We therefore urge the Minister to reallocate the six DSL permits to a more sustainable, better managed and better enforced fishery, which would lead to no loss in jobs. We understand the importance of socio-economics for South Africa and that is why we have focused our attention to the DSL as the best, and easiest, step forward to ensure fisheries can still employ people while not surrendering the conservation of coastal shark species in South Africa. It is true that halting the DSL might not be a drastic and fully resolving change for soupfin sharks (as it contributes to “only” 20% of total catches), but it would be a game changer for other sharks like the smoothhound shark, as the DSL catches 5 times more than the other fisheries combined. And if those demersal sharks are a key component for white sharks, as we do believe and have argued for it above, the end of the DSL in coastal South Africa would also be a strategic move by the Department abiding to the precautionary approach: the likely easiest fix to the white shark problem. This could lead to the recovery also of a tourism industry worth 100 times that of the small extractive DSL fishery. Even if no change were to take place for the white sharks, the proposed actions would still be a positive, leading to the conservation and recovery of threatened, endangered and overfished species.
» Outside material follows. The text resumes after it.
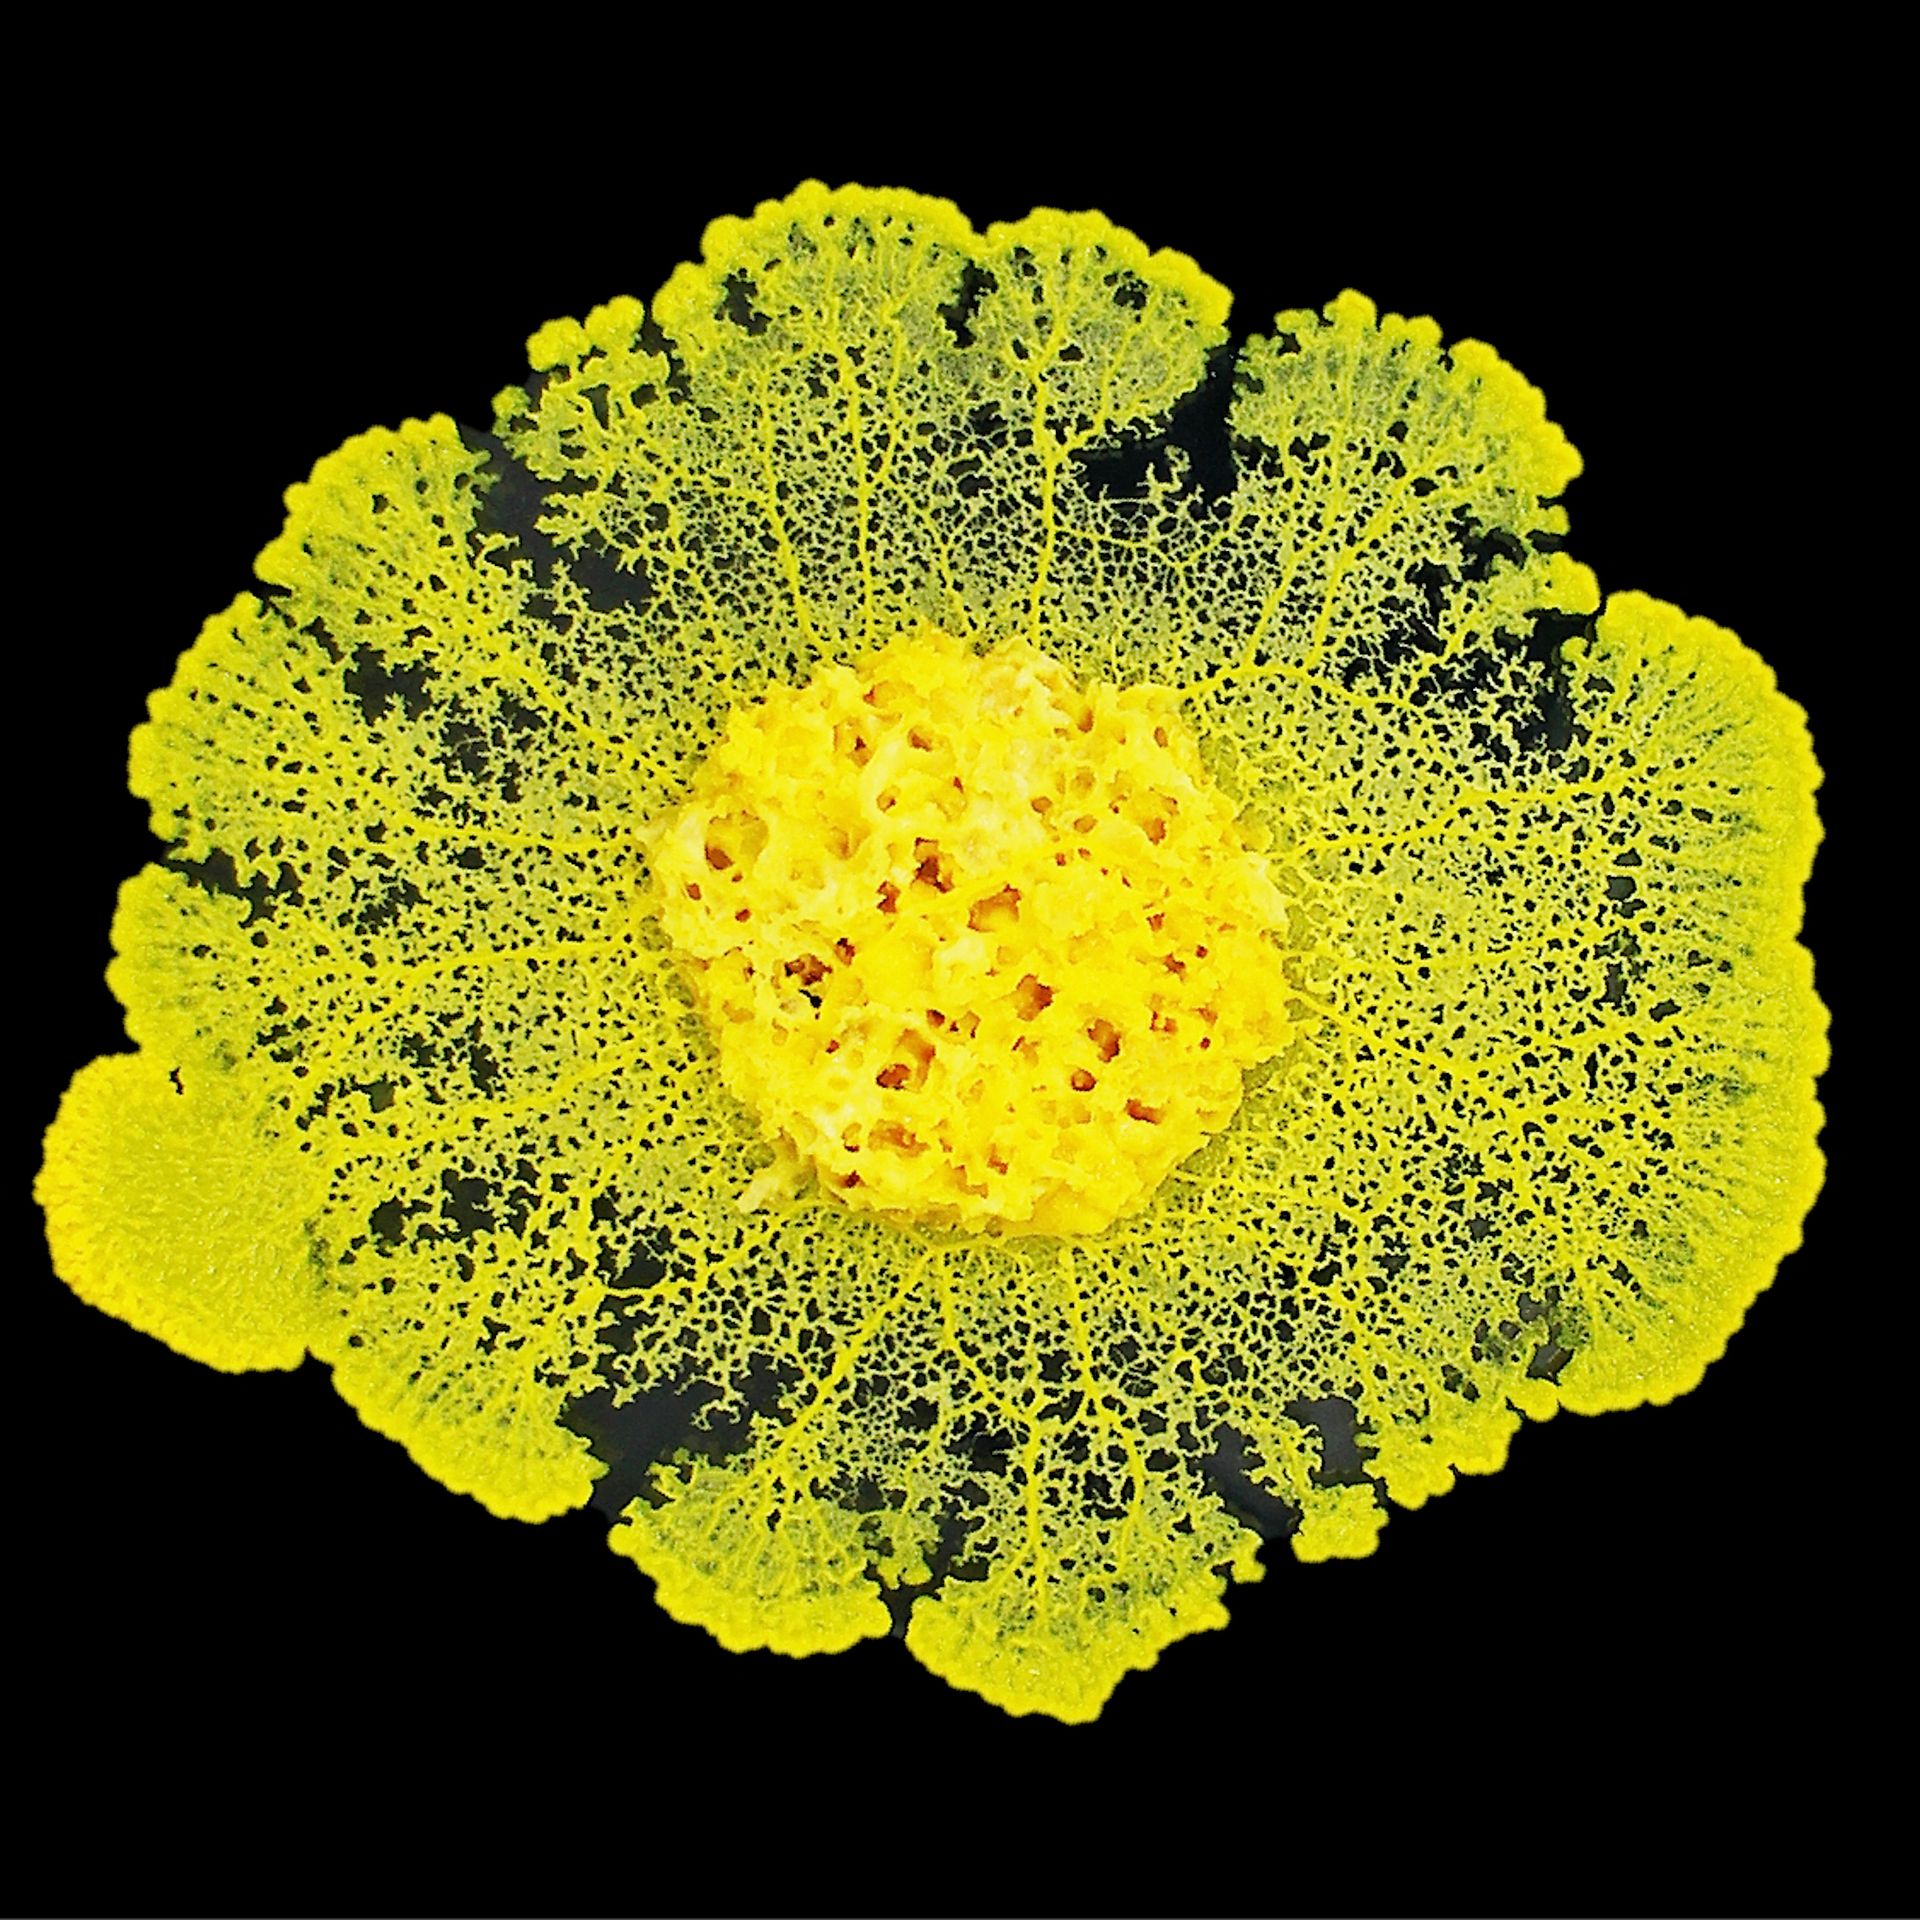 Physarum polycephalum, populairement appelé Blob, l’organisme vivant qui accompagnera Pesquet lors de la mission "Alpha" dans l’ISS.

While orcas cannot be managed, the DSL fishery is easily under the government’s control. There is far more to lose by being wrong about the “orca theory,” than the “small shark theory.” In fact, focusing management on the latter can only have positive outcomes. Being wrong about the orcas as the only cause for the disappearance of white sharks, however, would jeopardize our environment, jobs, and South Africa’s reputation. An irresponsible choice, as South Africa’s coastal waters, once an iconic shark biodiversity hotspot, admired by the entire world, would become empty, with just a list of species no longer seen in our waters, dreamt of with regret by South Africa’s future generations.